Evening Program with Book Signing

Evening Lecture/Seminar

Monday, December 17, 2018 - 6:45 p.m. to 8:15 p.m. ET
Code: 1H0413
Location:
National Portrait Gallery
McEvoy Auditorium, 8th & G Sts NW
Metro: Gallery Place/Chinatown
Select your Tickets
$20
Member
$30
Non-Member
Garry Trudeau

Garry Trudeau, like the “Doonesbury” comic strip he created almost 50 years ago, is an American institution. Just five years after its debut, he became the first comic-strip artist to win the Pulitzer Prize. That’s because “Doonesbury” was never just a comic strip, but a satirical, hilarious, and often unsettling examination of American political and cultural life from Vietnam to feminism.

Trudeau’s keen insight and biting wit hasn’t been confined to the comics: He’s brought it to op-ed pages; to television in the series “Alpha House” and his collaboration with Robert Altman, “Tanner ’88”; and to the stage with Doonesbury: The Musical Comedy and Rap Master Ronnie, both written with composer Elizabeth Swados. While remaining largely out of the public eye, Trudeau has been a public advocate on such issues as PTSD and literacy. 

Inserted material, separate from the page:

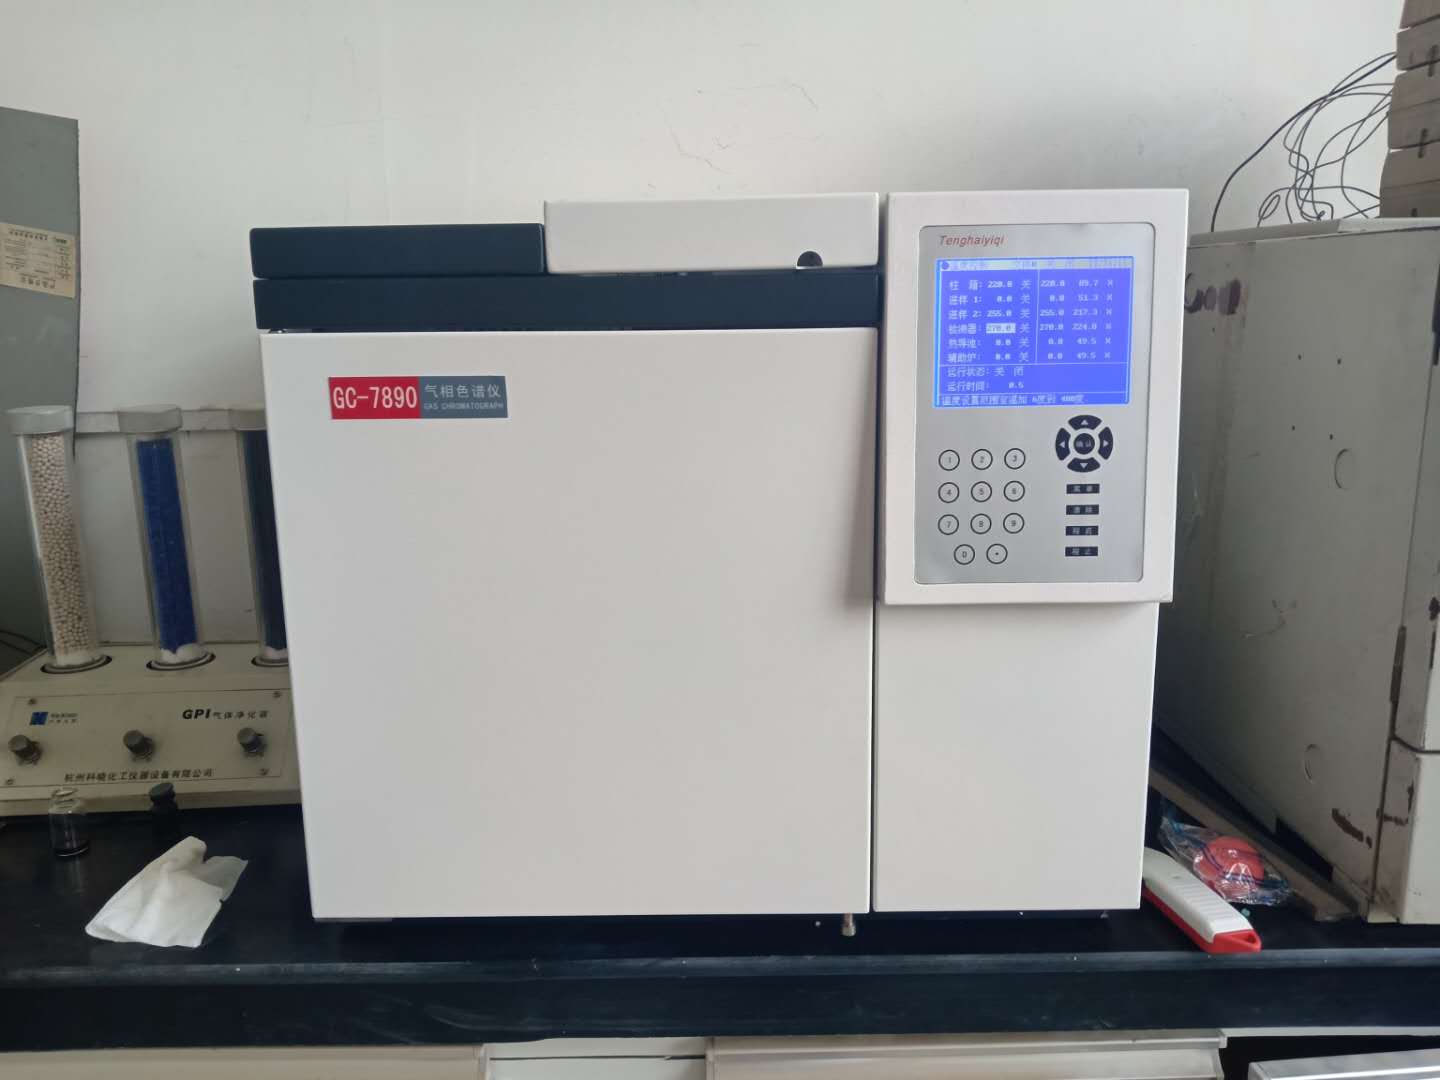 菏泽化工厂GC-7890气相色谱仪分析食品添加剂安装调试验收完成

Trudeau takes a look at the world he invented—and the wider one today—in a conversation with Michael Cavna, writer-artist and creator of the Washington Post’s Comic Riffs, for which he was the blog’s first interview subject. 

Trudeau’s book #SAD!: Doonesbury in the Time of Trump (Andrews McMeel Publishing) is available for sale and signing.